Checking your DNS performance isn’t delaying your O365 connections
One of the initial things which should be checked is name resolution, a point which is often forgotten when doing performance tests. If the name resolution takes time, then this will manifest itself as initial page load time slowness in SharePoint. It's less visible with Outlook but little delays in DNS, and proxy authentication etc etc when added up can mean a poorly performing O365 infrastructure.

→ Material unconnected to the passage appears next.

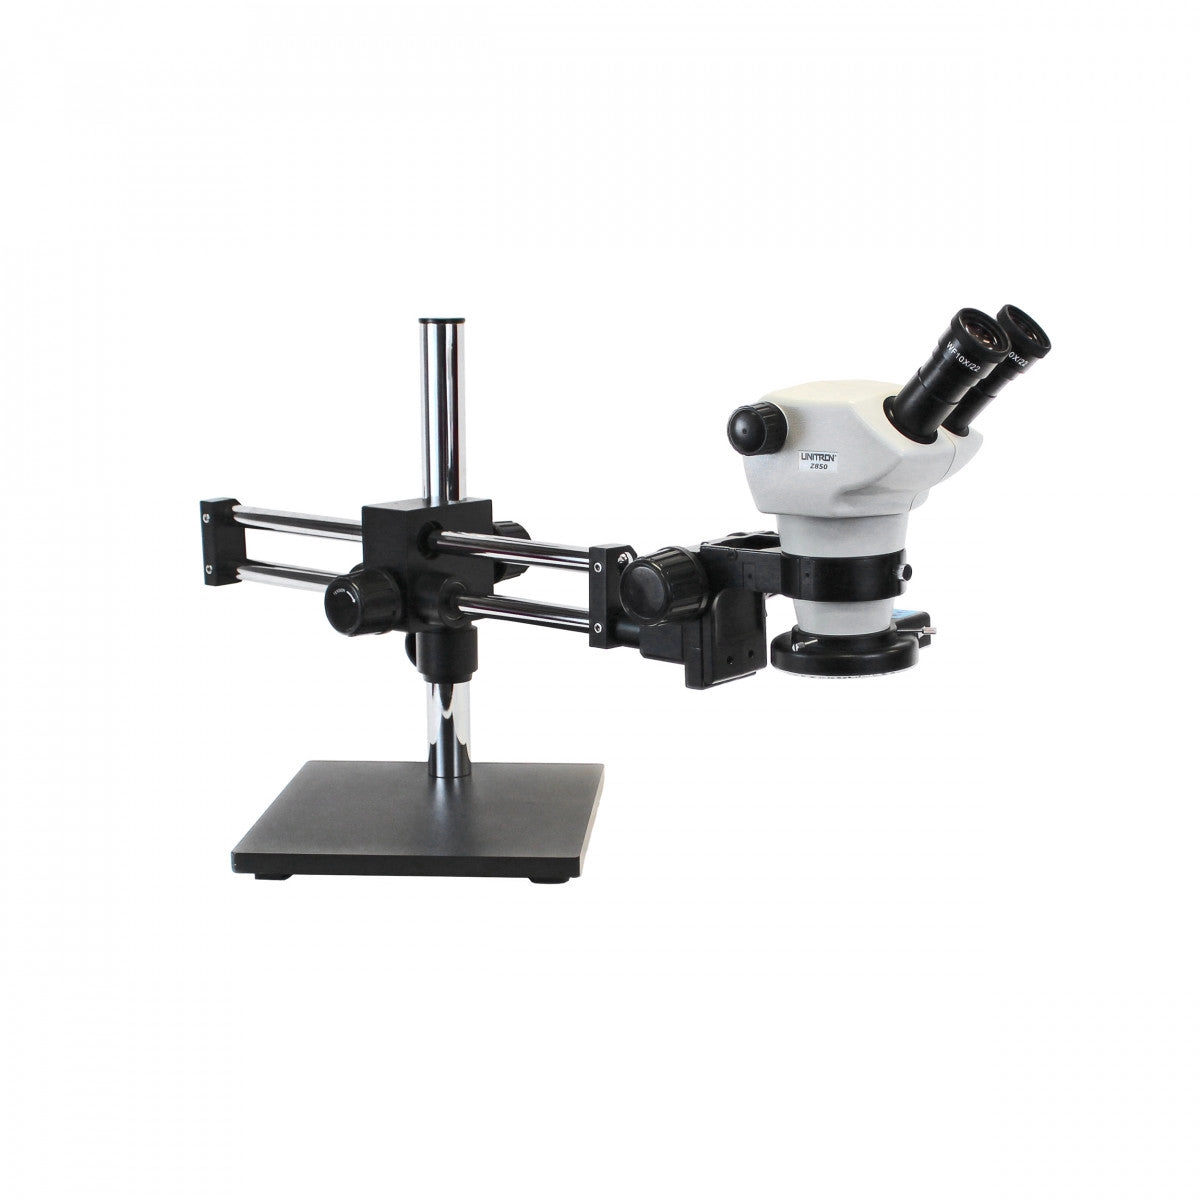 Unitron Z850 Zoom Stereo Microscope, Binocular, Ball Bearing Boom Stand, 0.5x Aux Objective, Quad LED Ring Light

Checking this is easy, and again involves a quick network capture on a test client
It is always advisable to flush the DNS cache by running ipconfig /flushdns before taking any traces and the steps would be:
- Install Netmon or Wireshark on a test client
- Start tracing
- Run ipconfig /flushdns to clear the DNS cache
- Start Outlook or connect to your SharePoint site
- Once connected stop the trace
- Use the filter 'DNS' to show all DNS traffic in the capture tool.
Netmon handily gives each DNS call and response (and any other protocol for that matter) a unique ID number which we can use to filter if we wish. Here it's DNS conv id 124 so I'd write conversation.DNS.ID==124 in the netmon filter to see just this DNS call and it's response. Alternatively you can right click over a frame of interest on a saved trace and click Find Conversations > DNS. Or, we could use the DNS query ID, in this case it'd be 'DNS.QueryIdentifier == 0x5b9f'
In the following example we can see the Contoso DNS servers taking up to 3.7 seconds to respond to a DNS call. This would undoubtedly manifest itself as slowness in an initial connection to Office 365.
13:52:52 16/04/2013 31.2765664 0.0000000 10.200.30.40 10.214.2.129 DNS:QueryId = 0xE41, QUERY (Standard query), Query for Contosoemeamicrosoftonlinecom-3.sharepoint.emea.microsoftonline.com of type A on class Internet
13:52:56 16/04/2013 35.0579179 3.7813515 10.214.2.129 10.200.30.40 DNS:QueryId = 0xE41, QUERY (Standard query), Response - Success, 10.123.123.124 ...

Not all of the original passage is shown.